WHAT TO WORK ON:
Each line from the line that includes "Tapis persan - Bidjar - 233 x 140 cm - rouge" through the end of the material below must be transcribed exactly, with no other lines.

MATERIAL PROVIDED:

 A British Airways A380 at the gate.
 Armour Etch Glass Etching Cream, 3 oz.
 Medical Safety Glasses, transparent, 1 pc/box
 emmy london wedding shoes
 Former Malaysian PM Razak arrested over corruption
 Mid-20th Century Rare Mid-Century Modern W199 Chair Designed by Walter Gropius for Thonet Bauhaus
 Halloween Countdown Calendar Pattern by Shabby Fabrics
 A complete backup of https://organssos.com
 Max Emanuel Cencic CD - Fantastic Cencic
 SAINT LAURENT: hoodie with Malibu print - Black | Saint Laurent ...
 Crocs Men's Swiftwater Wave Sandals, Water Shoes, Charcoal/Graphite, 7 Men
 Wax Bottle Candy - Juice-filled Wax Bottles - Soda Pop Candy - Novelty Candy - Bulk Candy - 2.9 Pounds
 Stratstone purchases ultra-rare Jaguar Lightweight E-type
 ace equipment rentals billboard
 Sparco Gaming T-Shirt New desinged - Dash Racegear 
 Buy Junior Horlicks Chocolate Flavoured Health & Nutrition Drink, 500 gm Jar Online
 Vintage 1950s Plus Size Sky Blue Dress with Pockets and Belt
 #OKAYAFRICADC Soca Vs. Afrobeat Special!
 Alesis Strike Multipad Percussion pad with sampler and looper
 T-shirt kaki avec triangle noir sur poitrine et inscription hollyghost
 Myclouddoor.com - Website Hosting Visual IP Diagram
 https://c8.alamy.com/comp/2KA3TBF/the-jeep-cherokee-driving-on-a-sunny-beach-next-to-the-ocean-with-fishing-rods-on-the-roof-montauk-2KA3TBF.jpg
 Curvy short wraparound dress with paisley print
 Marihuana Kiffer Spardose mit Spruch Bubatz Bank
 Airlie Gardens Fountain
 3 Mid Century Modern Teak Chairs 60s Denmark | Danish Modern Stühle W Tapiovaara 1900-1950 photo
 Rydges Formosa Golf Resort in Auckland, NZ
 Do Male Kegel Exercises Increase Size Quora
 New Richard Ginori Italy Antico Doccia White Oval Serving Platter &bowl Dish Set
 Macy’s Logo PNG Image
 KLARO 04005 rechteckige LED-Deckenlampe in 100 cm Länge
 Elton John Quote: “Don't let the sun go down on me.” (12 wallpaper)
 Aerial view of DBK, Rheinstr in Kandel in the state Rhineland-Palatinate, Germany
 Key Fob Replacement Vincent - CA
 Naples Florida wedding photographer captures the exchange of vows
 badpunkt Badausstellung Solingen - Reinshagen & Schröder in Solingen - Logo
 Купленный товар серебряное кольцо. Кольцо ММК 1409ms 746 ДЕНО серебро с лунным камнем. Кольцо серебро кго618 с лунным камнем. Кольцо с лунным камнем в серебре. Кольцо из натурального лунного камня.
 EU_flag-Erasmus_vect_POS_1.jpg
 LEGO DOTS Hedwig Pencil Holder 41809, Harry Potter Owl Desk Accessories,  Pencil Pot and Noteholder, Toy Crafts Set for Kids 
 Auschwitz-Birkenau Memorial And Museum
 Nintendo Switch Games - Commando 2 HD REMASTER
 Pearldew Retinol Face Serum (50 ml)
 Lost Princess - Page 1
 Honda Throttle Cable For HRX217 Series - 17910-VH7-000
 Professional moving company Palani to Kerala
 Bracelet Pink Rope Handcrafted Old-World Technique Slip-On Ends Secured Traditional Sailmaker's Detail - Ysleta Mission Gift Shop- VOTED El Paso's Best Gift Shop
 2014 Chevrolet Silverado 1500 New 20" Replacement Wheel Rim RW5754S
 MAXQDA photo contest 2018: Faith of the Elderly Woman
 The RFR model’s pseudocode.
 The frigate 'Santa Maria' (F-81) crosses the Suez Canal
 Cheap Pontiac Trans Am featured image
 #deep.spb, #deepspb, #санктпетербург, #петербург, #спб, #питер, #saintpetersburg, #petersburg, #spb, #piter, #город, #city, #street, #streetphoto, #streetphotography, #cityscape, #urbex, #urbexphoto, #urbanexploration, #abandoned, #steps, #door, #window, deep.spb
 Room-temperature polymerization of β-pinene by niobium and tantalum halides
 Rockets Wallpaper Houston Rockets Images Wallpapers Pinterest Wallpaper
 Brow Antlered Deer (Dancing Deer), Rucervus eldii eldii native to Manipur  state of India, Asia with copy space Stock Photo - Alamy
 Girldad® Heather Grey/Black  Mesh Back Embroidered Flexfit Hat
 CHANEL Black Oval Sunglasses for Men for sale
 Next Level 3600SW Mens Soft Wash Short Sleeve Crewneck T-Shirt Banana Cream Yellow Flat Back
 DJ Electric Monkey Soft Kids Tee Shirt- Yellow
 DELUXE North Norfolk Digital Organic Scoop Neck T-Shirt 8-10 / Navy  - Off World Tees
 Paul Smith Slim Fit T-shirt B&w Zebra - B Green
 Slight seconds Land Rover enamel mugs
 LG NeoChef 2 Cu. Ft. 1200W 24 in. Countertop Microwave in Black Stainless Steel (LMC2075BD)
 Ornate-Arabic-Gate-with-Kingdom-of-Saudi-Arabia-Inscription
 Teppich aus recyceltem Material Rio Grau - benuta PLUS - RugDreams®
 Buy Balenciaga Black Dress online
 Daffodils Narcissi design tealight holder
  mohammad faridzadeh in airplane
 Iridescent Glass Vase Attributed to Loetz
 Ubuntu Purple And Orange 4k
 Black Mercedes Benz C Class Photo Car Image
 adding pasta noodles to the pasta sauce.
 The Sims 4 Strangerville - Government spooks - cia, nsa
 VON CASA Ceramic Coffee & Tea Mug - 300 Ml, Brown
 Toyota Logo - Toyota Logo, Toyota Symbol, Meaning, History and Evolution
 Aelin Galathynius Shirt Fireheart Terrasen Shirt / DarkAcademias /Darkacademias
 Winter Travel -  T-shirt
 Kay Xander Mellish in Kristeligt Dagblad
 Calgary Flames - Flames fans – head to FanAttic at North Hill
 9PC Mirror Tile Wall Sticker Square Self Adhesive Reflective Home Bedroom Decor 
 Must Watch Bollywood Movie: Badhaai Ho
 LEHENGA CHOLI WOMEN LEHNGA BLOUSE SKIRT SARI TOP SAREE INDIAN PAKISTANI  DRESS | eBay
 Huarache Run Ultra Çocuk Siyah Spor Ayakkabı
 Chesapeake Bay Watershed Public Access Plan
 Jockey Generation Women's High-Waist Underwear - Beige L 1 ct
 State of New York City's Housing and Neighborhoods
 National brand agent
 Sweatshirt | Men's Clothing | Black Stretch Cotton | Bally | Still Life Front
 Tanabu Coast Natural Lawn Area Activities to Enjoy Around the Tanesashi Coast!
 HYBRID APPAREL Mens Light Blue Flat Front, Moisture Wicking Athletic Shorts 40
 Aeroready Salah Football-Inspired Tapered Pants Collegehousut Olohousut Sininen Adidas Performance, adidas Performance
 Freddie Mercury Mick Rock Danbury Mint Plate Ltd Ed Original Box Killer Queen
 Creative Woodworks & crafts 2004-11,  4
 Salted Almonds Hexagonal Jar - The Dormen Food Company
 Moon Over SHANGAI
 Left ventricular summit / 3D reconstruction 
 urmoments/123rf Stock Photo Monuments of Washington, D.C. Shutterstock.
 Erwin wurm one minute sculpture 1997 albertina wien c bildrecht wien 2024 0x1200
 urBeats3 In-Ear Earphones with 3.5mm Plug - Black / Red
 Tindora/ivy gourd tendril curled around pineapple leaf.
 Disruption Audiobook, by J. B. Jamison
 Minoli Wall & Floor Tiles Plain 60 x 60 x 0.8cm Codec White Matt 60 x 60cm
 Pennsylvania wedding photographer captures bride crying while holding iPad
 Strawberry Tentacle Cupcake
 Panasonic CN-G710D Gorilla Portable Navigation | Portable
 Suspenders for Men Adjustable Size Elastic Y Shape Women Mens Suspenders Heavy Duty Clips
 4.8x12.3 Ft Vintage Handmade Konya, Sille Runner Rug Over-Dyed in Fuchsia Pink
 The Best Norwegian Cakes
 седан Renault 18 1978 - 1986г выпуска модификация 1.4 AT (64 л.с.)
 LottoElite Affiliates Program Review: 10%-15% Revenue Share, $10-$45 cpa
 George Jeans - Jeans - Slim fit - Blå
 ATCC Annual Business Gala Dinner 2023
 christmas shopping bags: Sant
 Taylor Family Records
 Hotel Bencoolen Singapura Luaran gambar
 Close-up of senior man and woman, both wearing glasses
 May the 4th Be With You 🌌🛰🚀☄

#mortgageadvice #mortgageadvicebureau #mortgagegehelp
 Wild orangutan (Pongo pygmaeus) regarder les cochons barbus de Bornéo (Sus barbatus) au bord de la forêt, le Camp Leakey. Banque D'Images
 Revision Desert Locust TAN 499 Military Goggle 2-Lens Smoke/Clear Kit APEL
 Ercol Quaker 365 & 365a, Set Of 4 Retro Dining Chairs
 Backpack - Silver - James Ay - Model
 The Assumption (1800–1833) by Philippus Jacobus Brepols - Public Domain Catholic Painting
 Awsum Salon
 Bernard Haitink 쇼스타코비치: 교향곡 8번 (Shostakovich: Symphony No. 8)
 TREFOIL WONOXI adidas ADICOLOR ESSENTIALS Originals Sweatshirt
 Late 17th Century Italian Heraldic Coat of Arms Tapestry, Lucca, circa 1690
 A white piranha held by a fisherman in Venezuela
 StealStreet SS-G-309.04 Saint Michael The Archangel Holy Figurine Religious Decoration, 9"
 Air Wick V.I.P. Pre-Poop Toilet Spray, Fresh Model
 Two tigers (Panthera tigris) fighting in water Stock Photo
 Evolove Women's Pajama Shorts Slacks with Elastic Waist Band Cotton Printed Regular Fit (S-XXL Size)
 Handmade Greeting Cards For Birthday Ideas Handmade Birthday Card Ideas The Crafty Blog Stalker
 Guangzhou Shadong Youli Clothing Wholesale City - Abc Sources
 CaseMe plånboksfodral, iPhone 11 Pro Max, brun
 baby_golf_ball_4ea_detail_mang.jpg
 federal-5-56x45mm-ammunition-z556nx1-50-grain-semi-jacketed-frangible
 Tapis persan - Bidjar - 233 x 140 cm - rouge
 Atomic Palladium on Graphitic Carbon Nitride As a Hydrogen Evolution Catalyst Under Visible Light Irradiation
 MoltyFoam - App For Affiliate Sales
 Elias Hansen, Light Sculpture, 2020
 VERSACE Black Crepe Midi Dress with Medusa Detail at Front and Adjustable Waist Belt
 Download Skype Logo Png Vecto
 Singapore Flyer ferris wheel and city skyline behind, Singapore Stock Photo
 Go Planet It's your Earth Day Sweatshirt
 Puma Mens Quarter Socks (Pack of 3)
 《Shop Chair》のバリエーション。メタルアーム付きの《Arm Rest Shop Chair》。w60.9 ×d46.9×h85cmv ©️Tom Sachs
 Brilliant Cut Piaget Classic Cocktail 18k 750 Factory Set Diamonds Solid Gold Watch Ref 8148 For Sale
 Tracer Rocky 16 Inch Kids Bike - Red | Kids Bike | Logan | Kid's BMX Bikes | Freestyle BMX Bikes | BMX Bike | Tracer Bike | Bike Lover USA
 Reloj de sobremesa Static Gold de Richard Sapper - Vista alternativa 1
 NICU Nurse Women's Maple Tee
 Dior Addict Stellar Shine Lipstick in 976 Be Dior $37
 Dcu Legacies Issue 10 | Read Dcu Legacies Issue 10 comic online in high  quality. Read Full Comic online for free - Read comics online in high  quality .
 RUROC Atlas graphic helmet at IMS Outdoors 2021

ANSWER BOX:
 Tapis persan - Bidjar - 233 x 140 cm - rouge
 Atomic Palladium on Graphitic Carbon Nitride As a Hydrogen Evolution Catalyst Under Visible Light Irradiation
 MoltyFoam - App For Affiliate Sales
 Elias Hansen, Light Sculpture, 2020
 VERSACE Black Crepe Midi Dress with Medusa Detail at Front and Adjustable Waist Belt
 Download Skype Logo Png Vecto
 Singapore Flyer ferris wheel and city skyline behind, Singapore Stock Photo
 Go Planet It's your Earth Day Sweatshirt
 Puma Mens Quarter Socks (Pack of 3)
 《Shop Chair》のバリエーション。メタルアーム付きの《Arm Rest Shop Chair》。w60.9 ×d46.9×h85cmv ©️Tom Sachs
 Brilliant Cut Piaget Classic Cocktail 18k 750 Factory Set Diamonds Solid Gold Watch Ref 8148 For Sale
 Tracer Rocky 16 Inch Kids Bike - Red | Kids Bike | Logan | Kid's BMX Bikes | Freestyle BMX Bikes | BMX Bike | Tracer Bike | Bike Lover USA
 Reloj de sobremesa Static Gold de Richard Sapper - Vista alternativa 1
 NICU Nurse Women's Maple Tee
 Dior Addict Stellar Shine Lipstick in 976 Be Dior $37
 Dcu Legacies Issue 10 | Read Dcu Legacies Issue 10 comic online in high  quality. Read Full Comic online for free - Read comics online in high  quality .
 RUROC Atlas graphic helmet at IMS Outdoors 2021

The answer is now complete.